Paul calls those who follow the “Aeon of this world” “sons of disobedience”.  The Greek word for “disobedience” is apeitheia.  It sounds like apathy – unfeeling, uninterested.  It also sounds a bit like atheism, which means “without God”.  But neither of those words are its root.  Its root is peithia, which means to be persuaded, believing, convinced.  A-peitheia is the word the early church used to describe those who refused to believe the Gospel of Jesus Christ, that he is Lord and Saviour of the world, the Son of the only True God.  So it’s not just disobedience that Paul’s talking about here.  It is a lifestyle of blatant refusal of the love of God that he has so obviously revealed in and through Jesus Christ.  Humanity’s apeitheistic way of life, no matter what spin we put on it to explain ourselves and our “way of life”, is the way of death.  To be a son of Apeitheia following the “Aeon of this world” is to be a child of wrath.
To give an example of the “Aeon of this world” as it persists today, I find it ironic that at funerals today it is becoming popular, especially if the deceased was a man of successful stature, to play a recording of Mr. Sinatra singing his classic hit “My Way”.  The lyrics are as such:
“And now, the end is near and so I face the final curtain.
My friend, I'll say it clear.  I'll state my case, of which I'm certain.  
I've lived a life that's full.  I've traveled each and every highway.
But more, much more than this, I did it my way.  
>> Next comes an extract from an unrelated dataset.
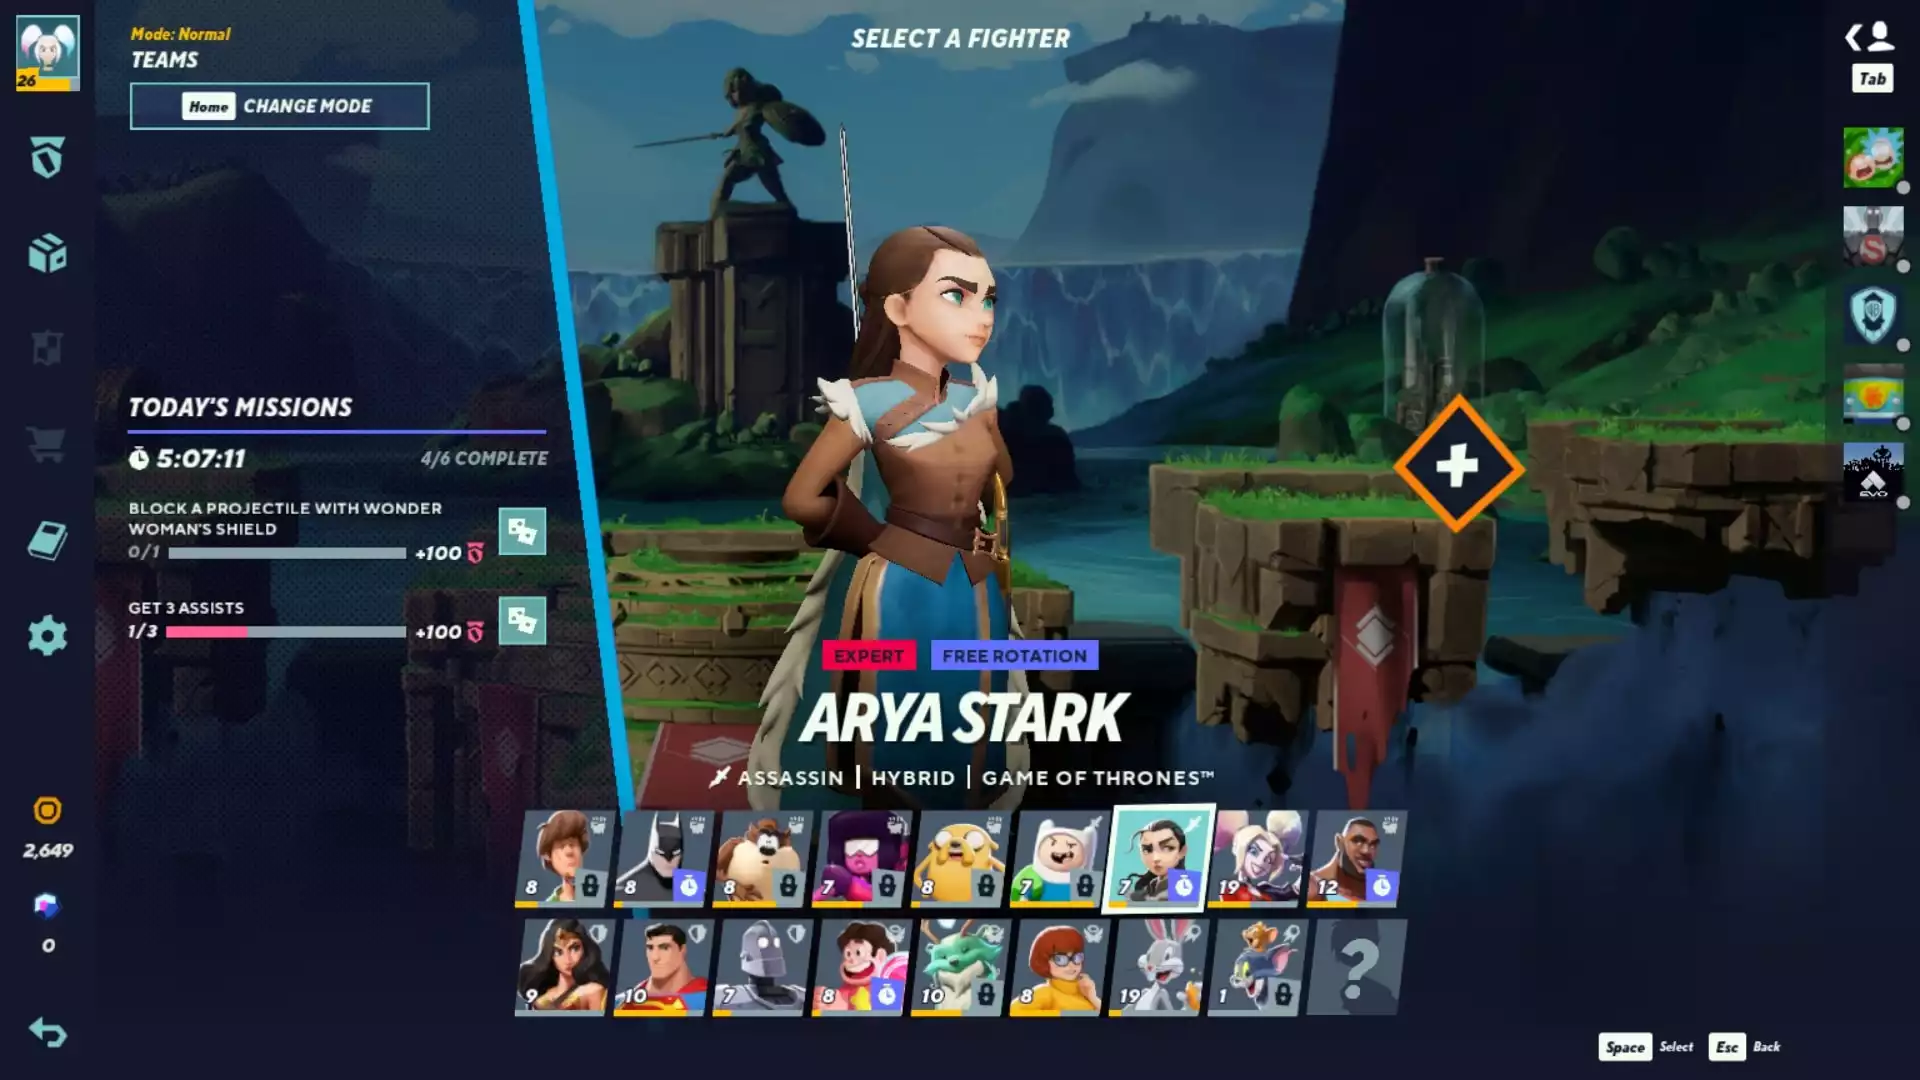 MultiVersus Arya Stark Guide: Combos, Perks, Specials, And More
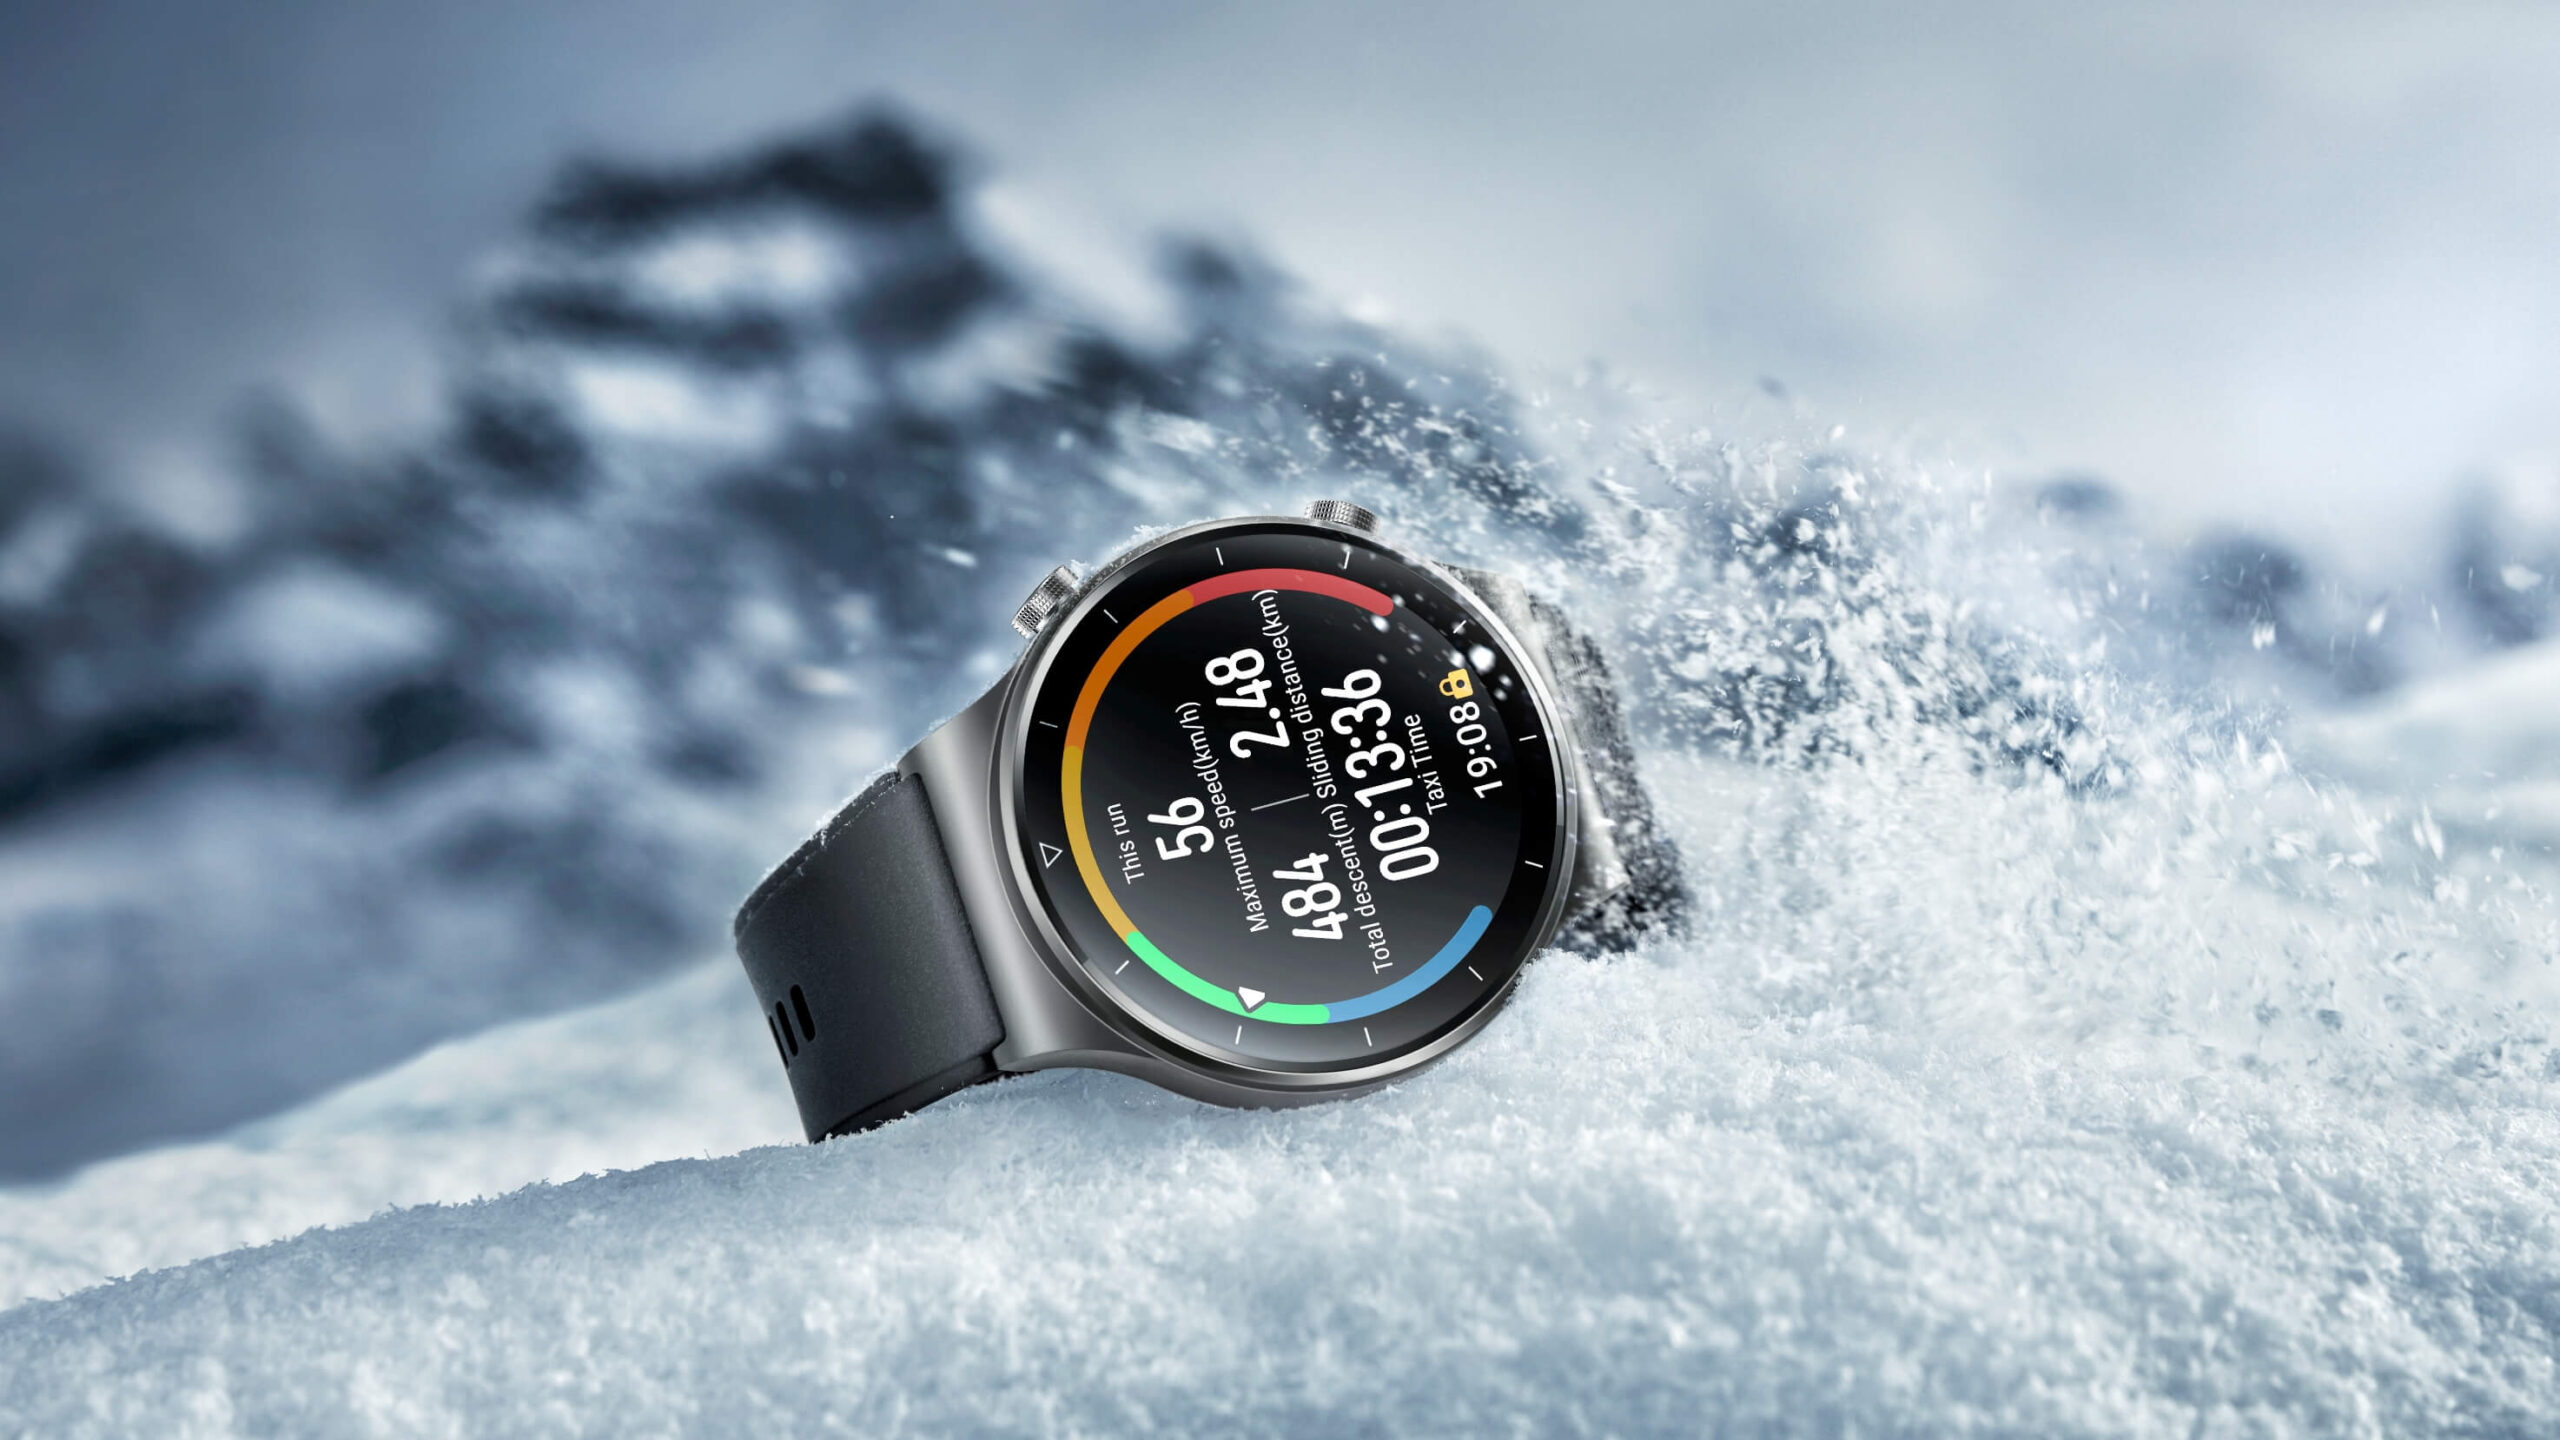 Huawei has the world’s largest market share for wrist wearable, achieved thanks to the HUAWEI WATCH GT Series

Regrets, I've had a few, but then again, too few to mention.
I did what I had to do.  And saw it through without exemption.
I planned each charted course, each careful step along the byway.
And more, much more than this, I did it my way.

Yes, there were times, I'm sure you knew when I bit off more than I could chew.
But through it all, when there was doubt I ate it up and spit it out.
I faced it all and I stood tall and did it my way.

I've loved.  I've laughed and cried.  I've had my fill, my share of losing.
And now, as tears subside I find it all so amusing.
To think I did all that and may I say not in a shy way
- Oh no, oh no, not me - I did it my way.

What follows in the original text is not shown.